How Sahelanthropus tchadensis moved
Not quite like a hominin, but with extended hip posture similar to Ardipithecus ramidus
I’ve been trying to understand the fossils of Sahelanthropus tchadensis since Michel Brunet led a team in describing its skull—nicknamed Toumaï—back in 2002.
This fossil skull and all other known fossils of S. tchadensis come from the Djurab desert of Chad, where they lived an estimated 7 million years ago. Many accept S. tchadensis as the earliest hominin. But unanswered questions have left some scientists skeptical.
I’ve been one of the skeptics.
One of the most contentious issues has been locomotion. Today, we’re coming closer to an understanding of the early adaptations to upright walking in our relatives. After being hidden for almost two decades, the partial femur and two ulnae of S. tchadensis have now started to clarify how this species compares with known hominins like Australopithecus, as well as with living and extinct apes.
This story has changed a lot over the years. With today’s much better genetic information about human and chimpanzee relationships, the stakes of the question have also changed. Sahelanthropus tchadensis may be just one window into a network of populations that exchanged genes as the human lineage slowly differentiated from our closest relatives.
History of the problem
Did S. tchadensis walk upright? For almost twenty years, the Toumaï skull seemed to be the only evidence. The cranial base and back of the cranium can be informative about posture and movement, but both areas were badly distorted in the course of fossilization.
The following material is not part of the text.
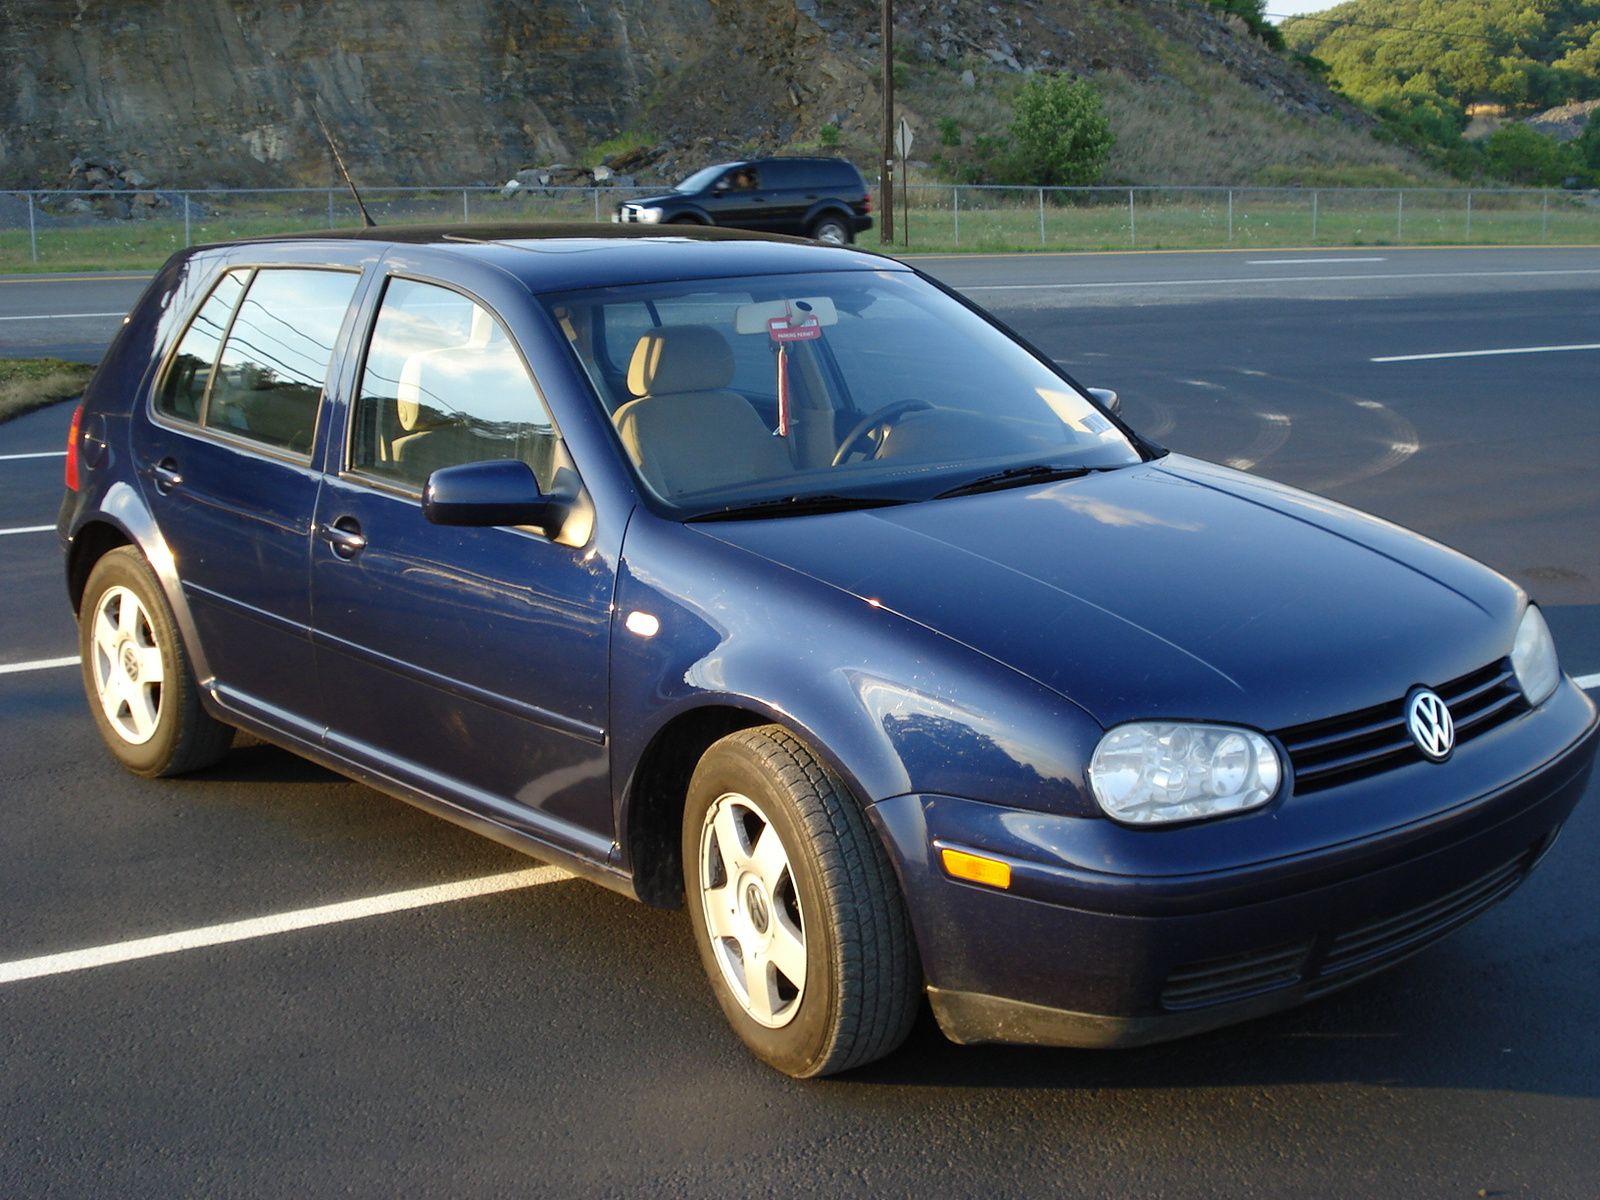 2000 Volkswagen Golf - Pictures - CarGurus | Golf pictures, Volkswagen golf,  Volkswagen

Researchers led by Christoph Zollikofer who reconstructed the skull from CT scans in 2005 suggested it was configured like early hominins, including Australopithecus.
Working with several collaborators, I challenged this interpretation—first in a 2002 comment and then in a longer 2006 research article. One area that impressed us was Toumaï’s elongated attachment area for muscles of the neck, much more like great apes than hominins. To be sure, S. tchadensis shares traits with hominins like Australopithecus—for example, canines worn on the tip instead of the blade-like wear seen in many living apes. But traits like this can also be found in other long-extinct apes. We observed that across the decades many fossils had a similar story: at first interpreted as human relatives, later shown to be extinct apes.
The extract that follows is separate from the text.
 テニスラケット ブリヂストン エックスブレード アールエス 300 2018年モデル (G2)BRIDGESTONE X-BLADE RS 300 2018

More bones were needed. If none had ever turned up, I’m not sure I’d have much more to say about S. tchadensis today.
But new evidence did turn up, from an unexpected quarter. Just at the time of discovery of the Toumaï skull, members of the same field team also collected a femur shaft and a partial ulna of S. tchadensis at the same locality. Six months later, they found a second ulna fossil.
These could have been gamechangers—if anybody could have seen them. But for eighteen years, they remained undescribed.
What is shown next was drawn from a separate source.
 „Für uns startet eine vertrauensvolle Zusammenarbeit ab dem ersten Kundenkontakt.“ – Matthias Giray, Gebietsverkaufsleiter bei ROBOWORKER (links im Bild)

The journalist Scott Sayare related the weird story of these fossils last year in a fascinating article for The Guardian. Accounts differ on why Brunet and collaborators omitted these bones from their 2002 description of S. tchadensis and their subsequent 2005 article in which they described two additional mandibles and several teeth recovered from nearby sites. Since posture and locomotion were so important to understanding S. tchadensis, leaving out these bones was a bad scientific decision.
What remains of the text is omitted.